Bu sınırı koruyabilmenin yollarından birisinin doğru ve kaliteli nefes alış verişinde yattığını kitaptan öğreneceksiniz çünkü doğru nefes alışverişi insanı sağlam bir sinir sistemine, dengeli bir zihne ve huzurlu bir yapıya kavuşturur. Derin, düzenli ve dikkat odaklı nefes alıp verme beden sistemini yavaşlatır ve daha uzun zamanda düşünerek hareket etmemizi sağlar. Kalp atışlarımızı ve hormonal sistemimizi dengeye getirir. Gereksiz adrenalin üreterek, ‘savaş ya da kaç etkisi’ yaratmamızı engeller.

Kızgınlığın katlanılabilir bir seviyeye çekilmesine imkan verir ve maçlar esnasında daha sakin ve dingin kalabilmenizi sağlar. Doğru nefes alıp vermenin dışında, yeni ortaya çıkmış tekniklerden birisi olan EFT (Duygusal/Zihinsel Özgürleşme Tekniği)’yi, sporcuların olumsuz duyguları ve yoğun stresleriyle baş etmelerinde büyük destek sağlayabilir düşüncesiyle kitabımızda sizlerle buluşturduk.

Kitabımızda geniş yer verdiğimiz EFT, son yıllarda enerji psikolojisi alanında gelecek vaat eden gelişmeler ve özellikle, insan sağlığına artık holistik (bütüncül) çözümlerle heyecan verici yeni bir bakış açısı oluşturmaya yönlendirmiştir. EFT’nin arkasındaki teori, tüm duygusal rahatsızlıkların, bedenin enerji sistemindeki aksaklıklardan ortaya çıktığına dayanır. Bu aksaklıklar giderilirse, duygusal rahatsızlık da ortadan kalkar. Bu, duyguyu tamamen ortadan kaldırmak anlamına gelmez; fakat aşırı duygusal olmayı nötr hale getirecek bir yoldur. EFT, tüm negatif duyguların sebep olduğu bedenin enerji sisteminde bir kesinti yarattığı gerçeğinden hareket eder. EFT’ye özgü olarak, sonuç kalıcıdır ve kişinin bilinci, iyileşmenin doğal sonucu olarak genelde değişir.

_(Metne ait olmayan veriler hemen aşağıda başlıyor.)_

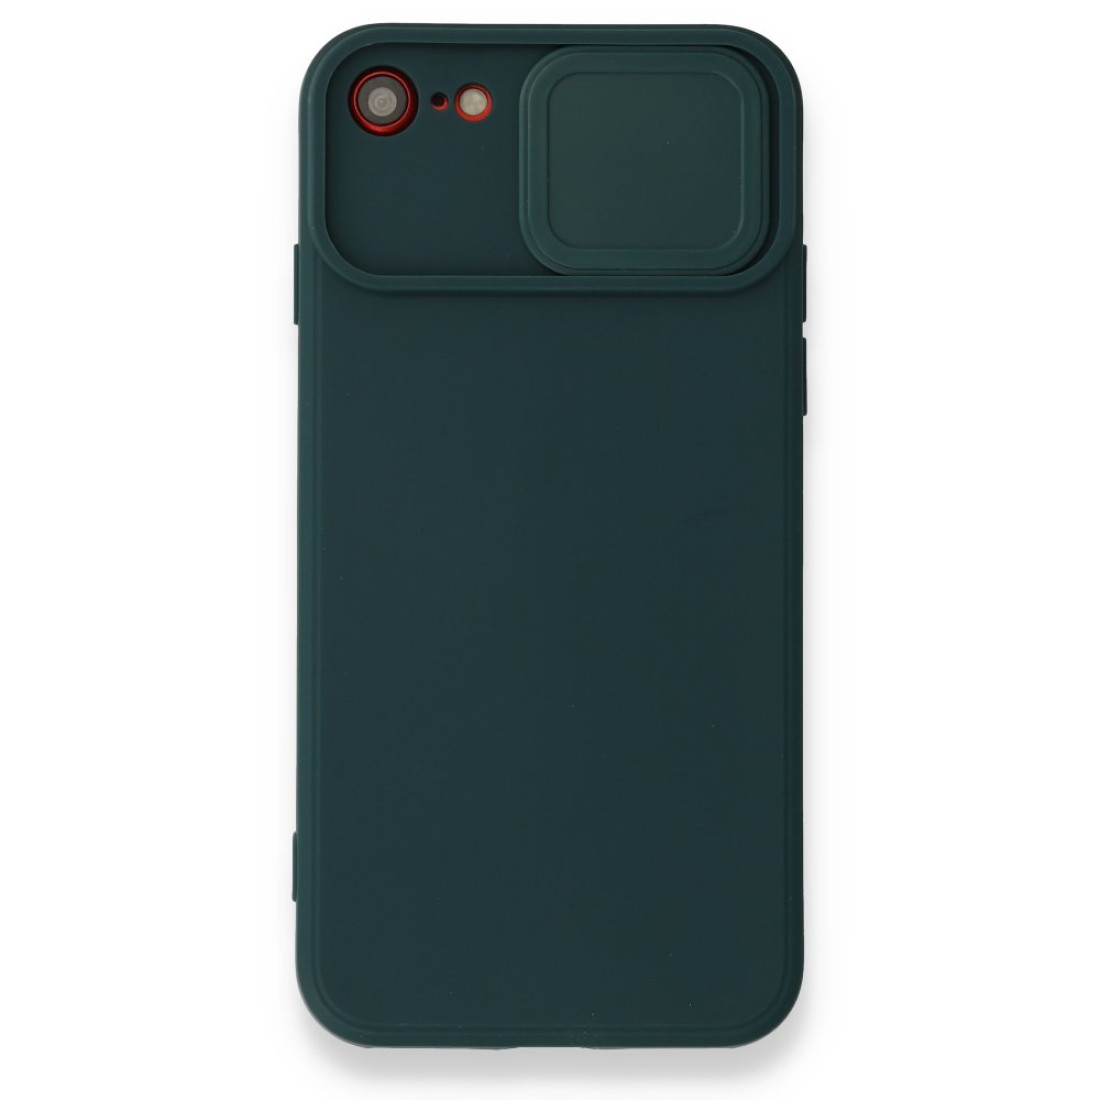 Apple iPhone 8 Kılıf Color Lens Silikon - Yeşil
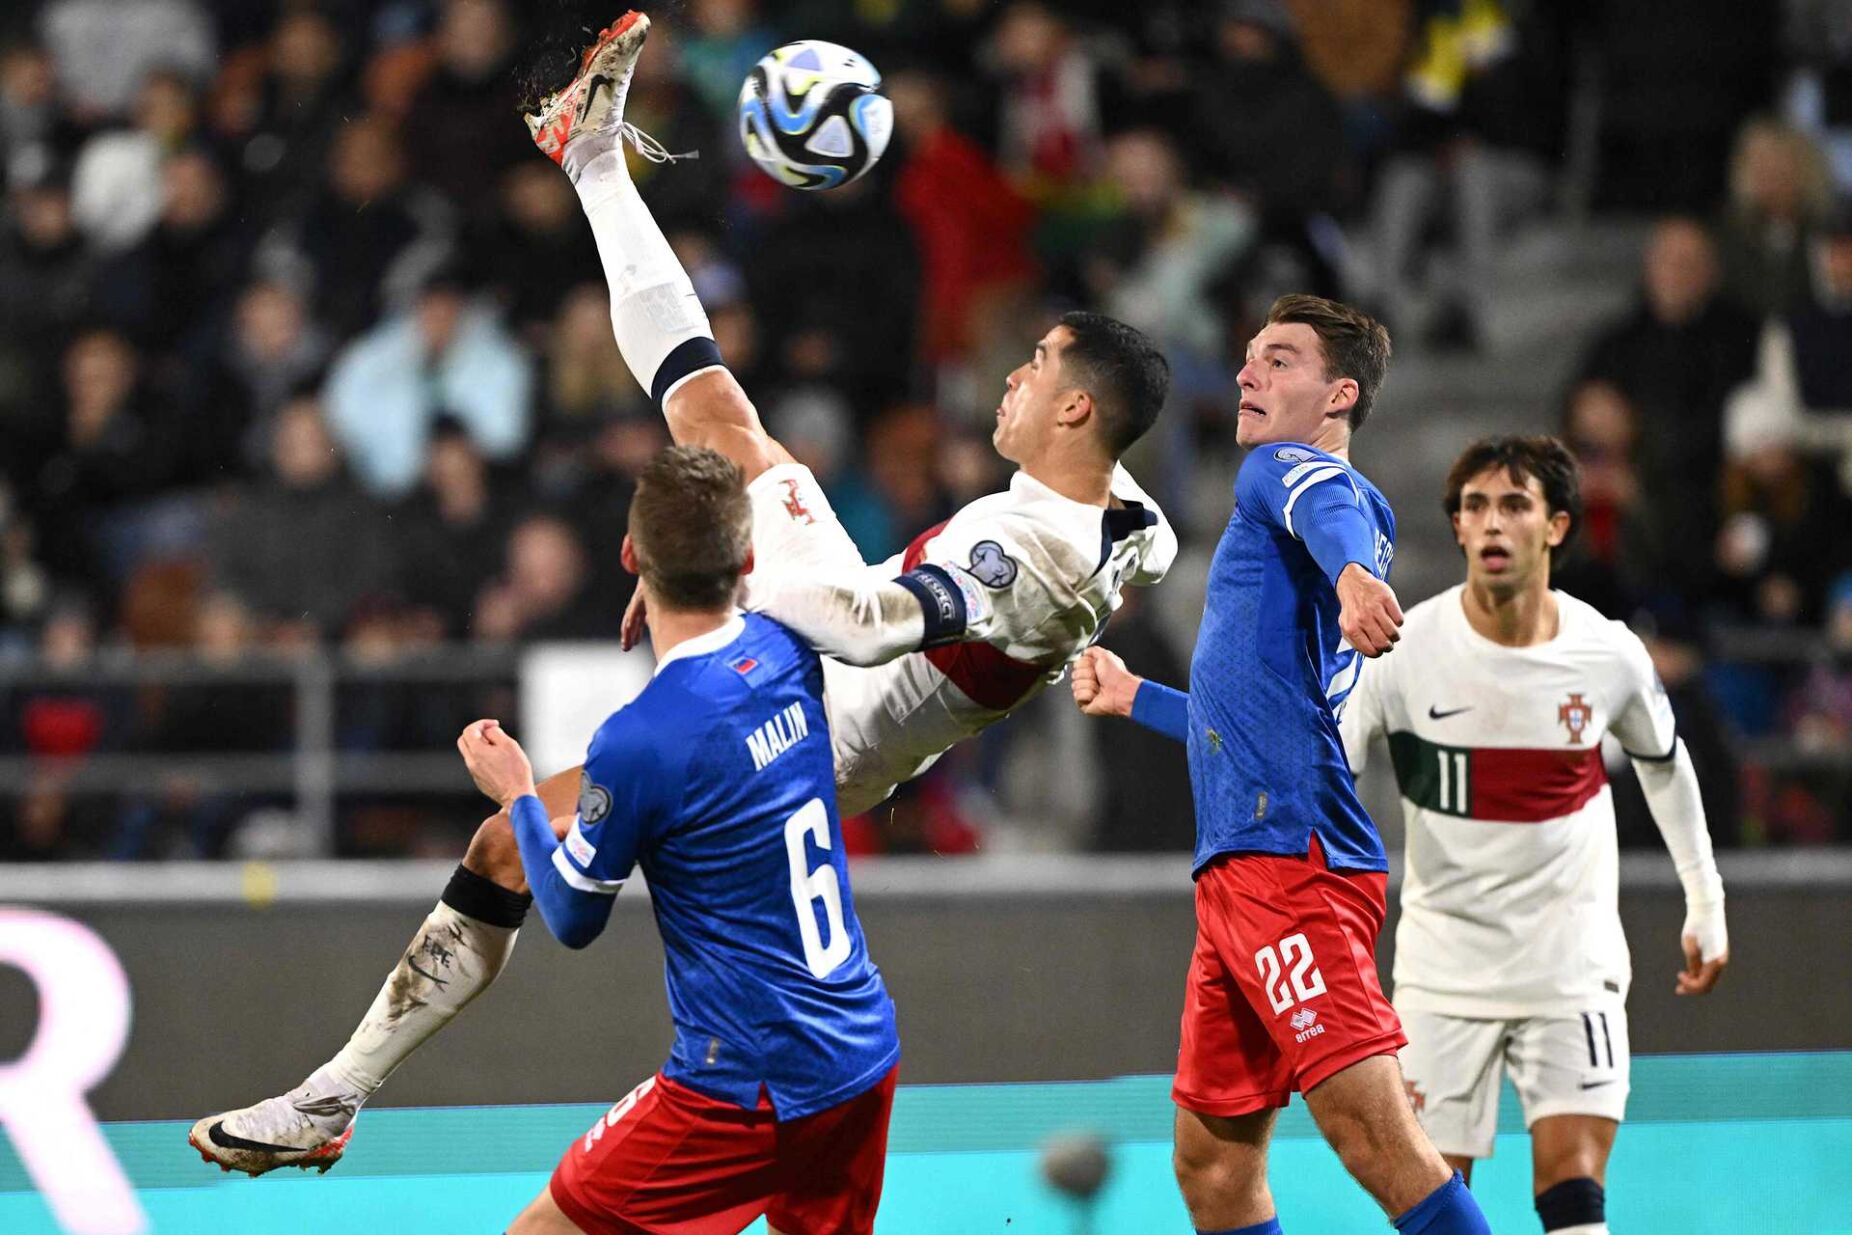 Portugal inicia qualificação para o Euro2024 com o Liechtenstein em Alvalade

Asrımızda psikolojik ve ruhsal olarak iyileşme yaratan birçok teknikten biridir; fakat duygusal çözümleme açısından önemli bir yer tutar çünkü EFT, insanların mutlu olmalarına engel olan ve bilinçaltında baskılanmış halde duran duygulardan kurtularak yaşamlarında hedeflerine ve hayallerine ulaşmalarına büyük bir destekçidir. Problem yaratan duygulardan gerçek anlamda kurtulmayı sağlayan, uygulanması hızlı, kolay ve pratik olan bir tekniktir.

Sporda gelişmiş ve seviyesi yükselmiş bir performansın arkasında anksiyetenin iyileştirilmesi gerçeği, bizi bu teknik hakkında sizi detaylı bilgilendirme amacına yöneltti. İstedik ki, EFT çalışmalarının değiştirip dönüştürücü gücünden tüm spor camiası olarak faydalanın.

Spor dünyasının aktörlerine yeni bir içgörü kazandırmayı öngören bu kitabın hedef kitlesi; okullarda, sahalarda, salonlarda ter döken profesyonel sporcular ile onların performanslarını üst düzeye çıkarmaya çalışan teknik heyetler ve onları yöneten idari birimler olacaktır.

Kitabımız 4 bölümden oluşmaktadır. İlk bölümünde; stresi tanımanıza ve bedeninizde olanları anlamanıza yarayan bilgileri, ikinci bölümde; genç sporcu çocuklar ile profesyonel sporcuların karşılaştıkları yoğun stres yaratan ortamlarını, üçüncü bölümde; stres seviyenizin azalmasına ve stres seviyenizi kontrol altında tutabilmenize destek olacak bazı yolları, son bölümde ise kısa süreli çözümler yerine, uzun süren yapıcı-değişim dönüşüm yaratıcı-stres seviyesini dengede tutucu, teknikler ve yöntemler sunulmaktadır.

Sonuç olarak bu kitap, yoğun stres altında olduğunu anlamayanlara bedensel farkındalık kazandırmaya, doğru ve kaliteli nefes almayı verilen tekniklerle öğrenerek fiziksel-zihinsel-duygusal farkındalığı artırmaya, bazı nefes egzersizleri ile stres seviyenizi yükselten olumsuz duygulardan kısa zamanda kurtulmaya, EFT (duygusal/zihinsel özgürlük) tekniğini öğrenerek, başarınızı gölgeleyen ve üst seviyede bir performans sergilemenizin önündeki travmalarınız dahil zihinsel/ fiziksel ve ruhsal blokajlardan kurtulmanıza destek olacaktır.

Bu kitap, sadece yoğun stres altında oyun sergileyen sporcular ve onları hazırlayanlar için değil, aynı zamanda stres seviyesini kontrol altına alamayan diğer herkes için de yararlı olacak bir kaynak niteliğindedir.